Ada juga solusinya, yakni pelonggaran beberapa aturan yang bisa membuat perawat yang tidak memiliki Surat Tanda Registrasi (STR) resmi langsung bekerja. Sejauh ini, ada sekitar 10.000 calon perawat. Rencana yang sama juga diterapkan pada dokter. Tim IDI dan tim Kementerian Kesehatan sedang mengkaji. Sejauh ini mereka melihat sekitar 4.000 dokter belum memiliki utilitas. Budi berharap solusi ini bisa diterima dan direalisasikan. Namun, sebelum diberlakukan, dia berharap jumlah penyebaran Covid-19 bisa dikurangi.
Harus Bangkit dan Semangat
Sejak dua kasus pertama diumumkan pada 2 Maret 2020, semua aspek kehidupan masyarakat semakin jauh dari normal. Setiap hari, data tentang peningkatan kasus dan daftar pasien Covid-19 yang meninggal semakin meningkat.

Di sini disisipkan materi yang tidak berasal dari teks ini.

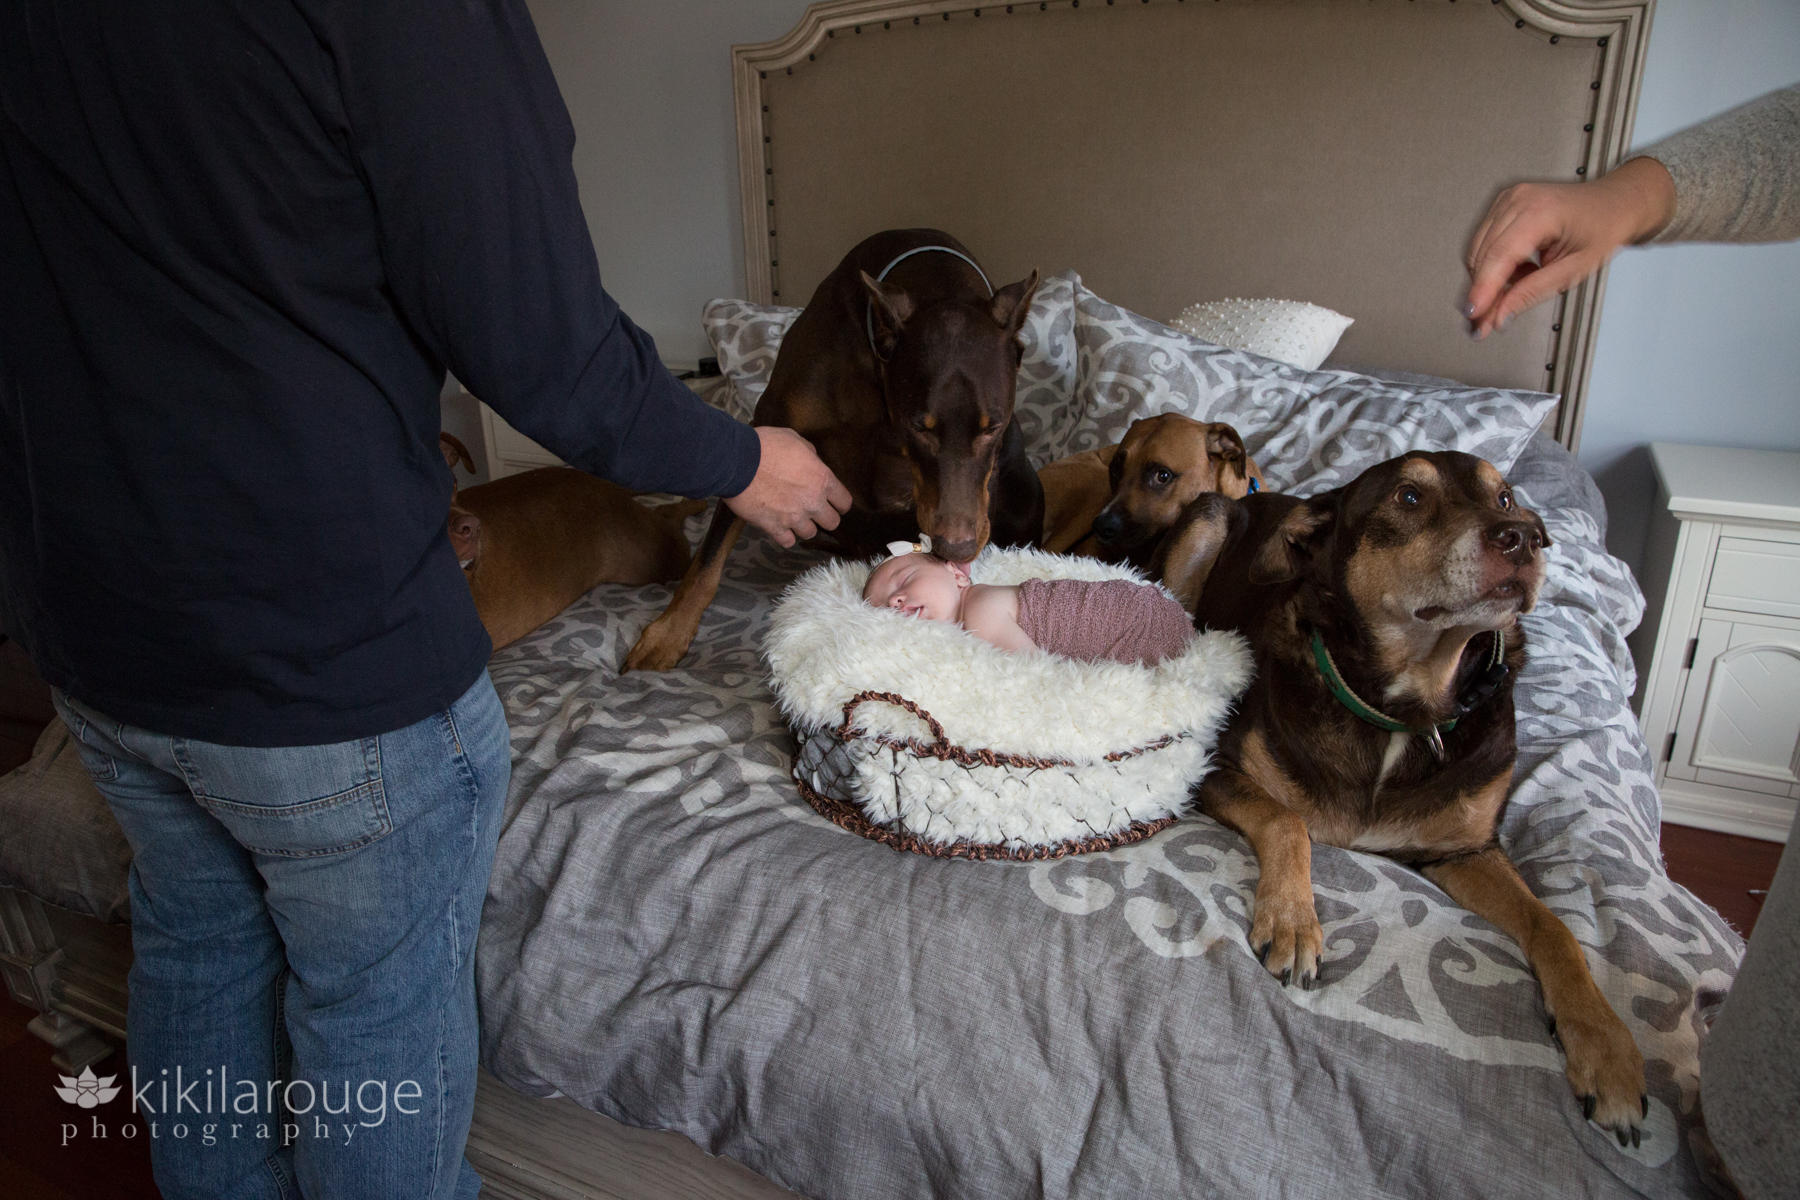 Behind the scenes with newborn baby and four dogs on bed

Namun bukannya tanpa harapan, sebagian juga berhasil bangkit dari sakit. Ketua Ikatan Ahli Kesehatan Masyarakat Indonesia (IAKMI) Ede Surya Darmawan menyoroti kebijakan yang berbeda selama masa pandemi di Indonesia. Akibatnya, banyak kebijakan lahir. Sayangnya, bagaimanapun, peningkatan bisnis masih terus berlangsung.

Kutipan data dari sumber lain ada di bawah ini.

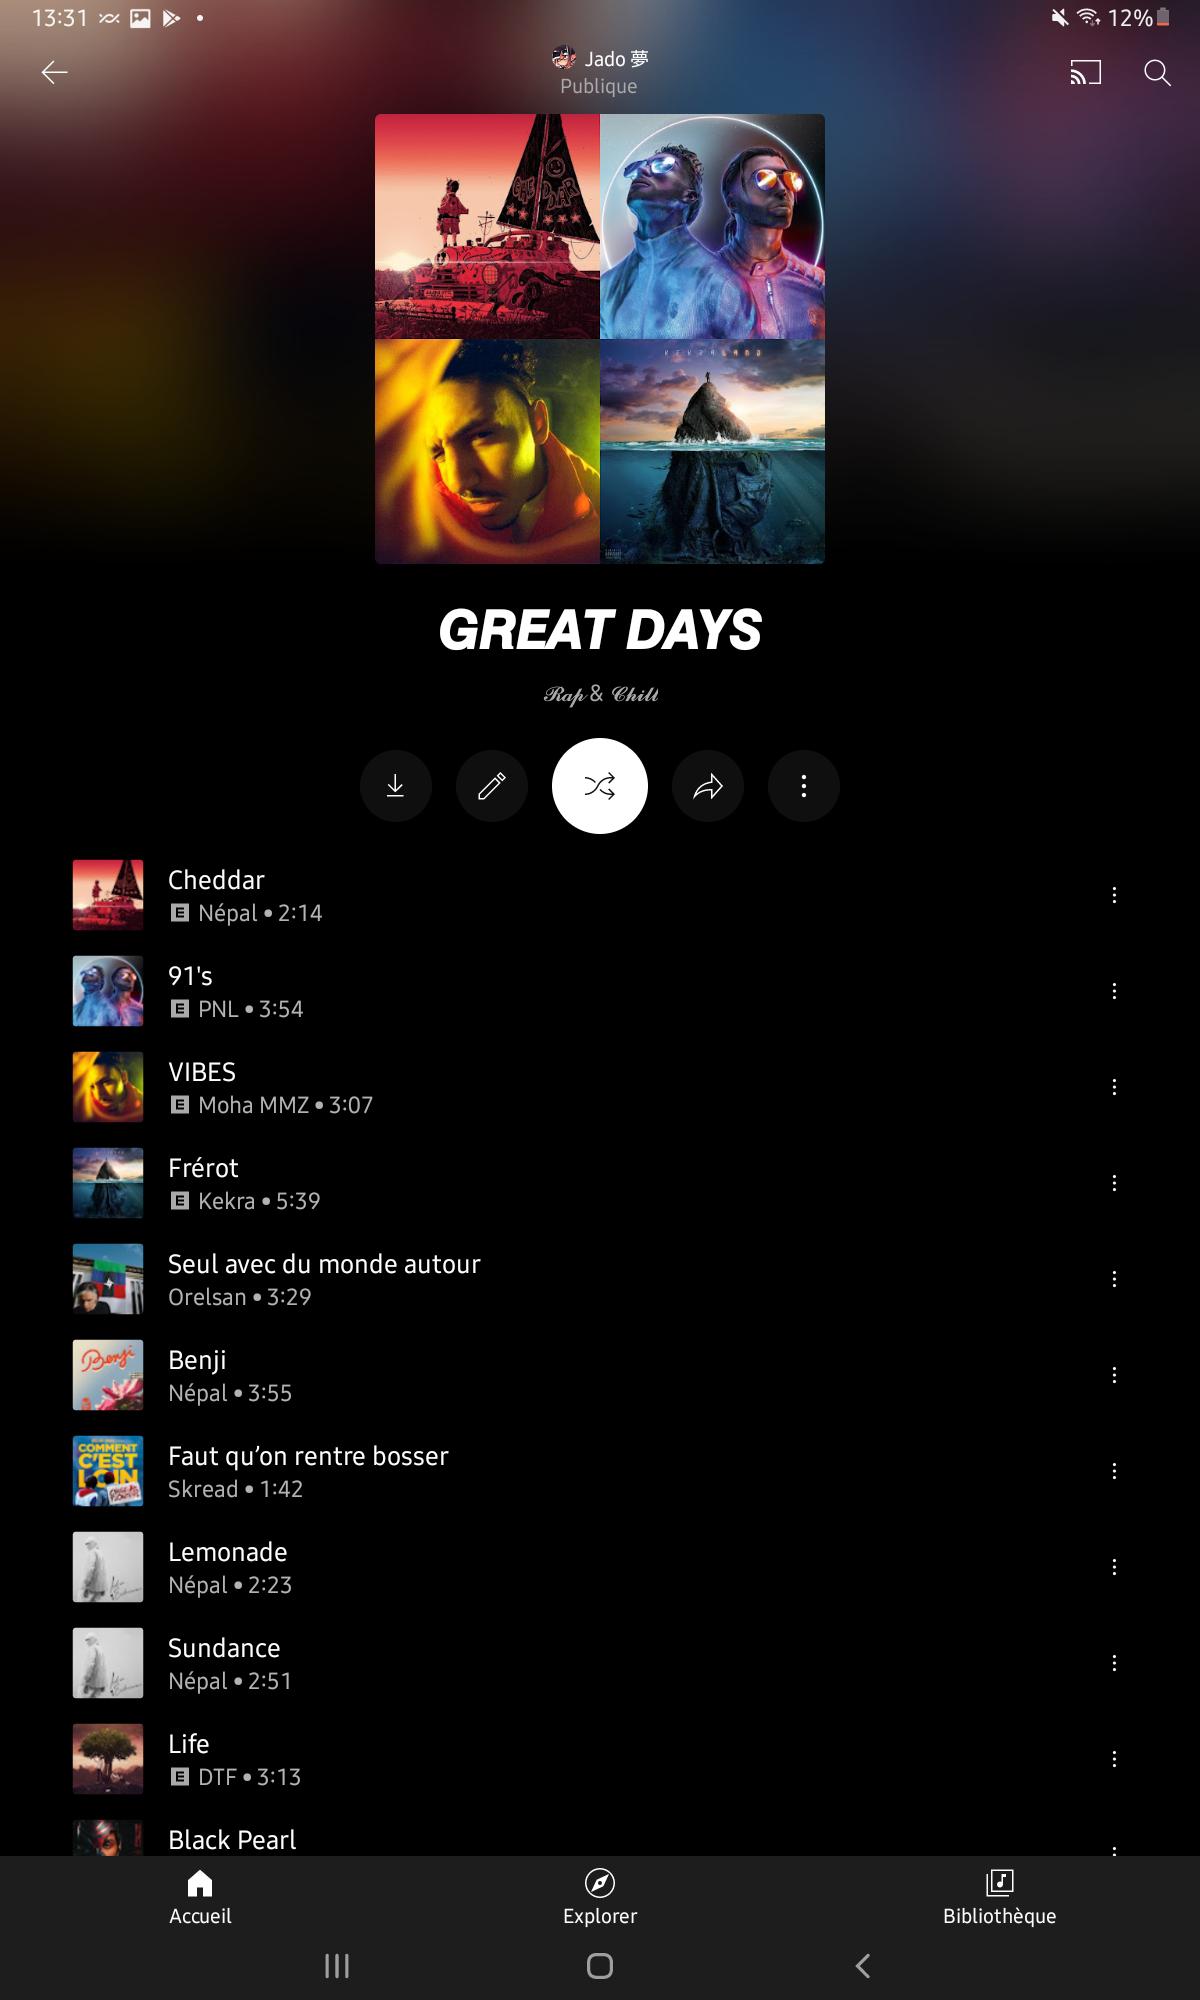 youtube music download songs

Sementara itu, ia mengatakan, sejak awal memang ada kontradiksi dalam kebijakan pemerintah dalam menyikapi pandemi. Setelah disortir, hal pertama dalam menangani suatu pandemi adalah pencegahan, penemuan kasus dan tindakan yang diambil untuk mencegah dan mengatasi penyebaran Covid-19. “Kami main mata dengan PSBB dengan ‘New normal’, dengan ‘kebiasaan baru’, lalu ‘berdamai dengan Covid’, ‘kami tidak bisa pulang, tapi kami bisa kembali ke kampung halaman.’ Ini membuat pusing semua orang, ”kata Ede merdeka.com. Alasan lain yang mungkin menjadi penyebab meningkatnya kasus Covid-19, lanjutnya, terkait kasus hukum.

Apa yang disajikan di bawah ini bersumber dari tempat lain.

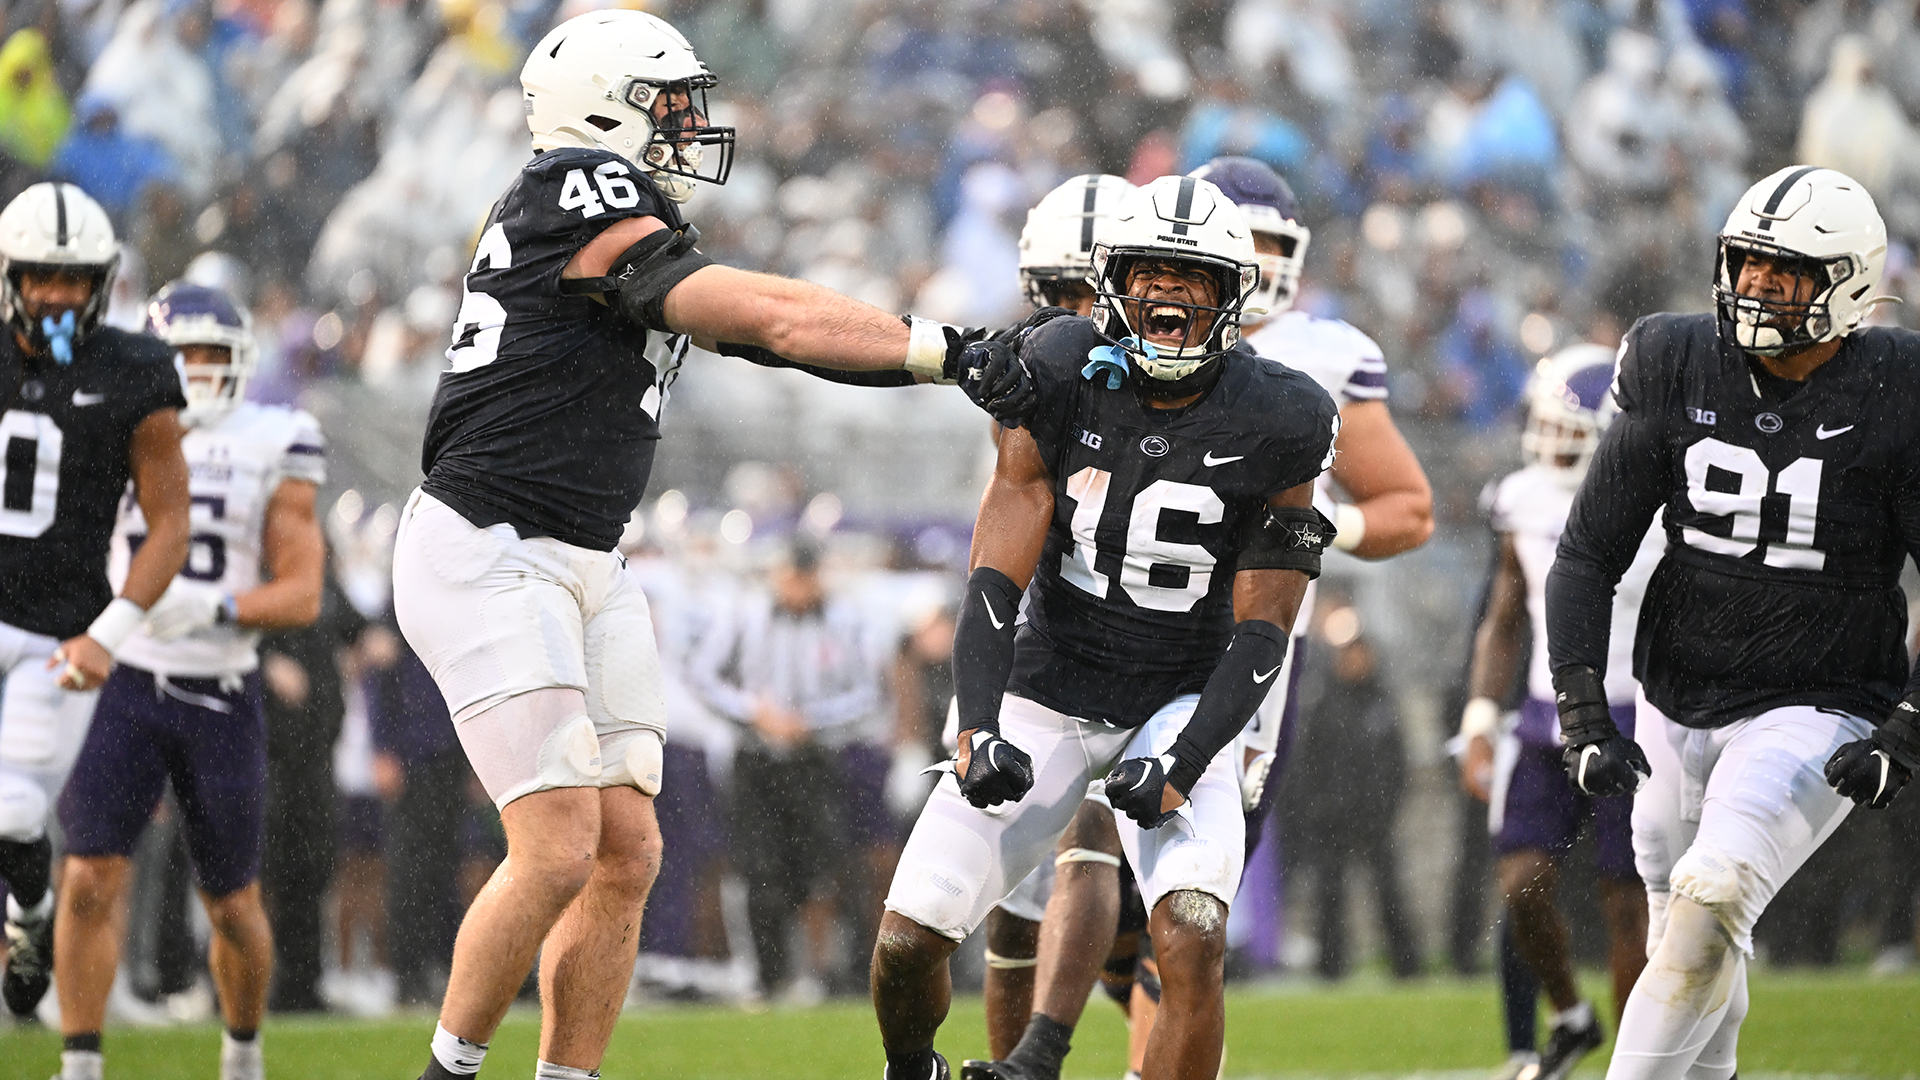 Penn State Top 5 NFL Draft Prospects

Pada awal pandemi, laboratorium yang tersedia sangat minim. Seiring berjalannya waktu, kekurangan tersebut terus diatasi. Pemerintah harus tetap memperhatikan aspek ketersediaan laboratorium di seluruh wilayah Indonesia dan tidak memusatkan laboratorium di satu daerah saja. Proses mencari bisnis baru bisa jadi lebih mudah dan cepat, menurut Ede. Oleh karena itu, deteksi kasus dilakukan secara dini dan dengan cepat memutus rantai distribusi. “Kami tidak bisa menahan jumlah kasus untuk mencegah dan menyelidiki kasus. Dan logikanya kami harus memperkuat masyarakat karena garis depan ada di masyarakat. Pelayanan rumah sakit adalah benteng terakhir,” ujarnya.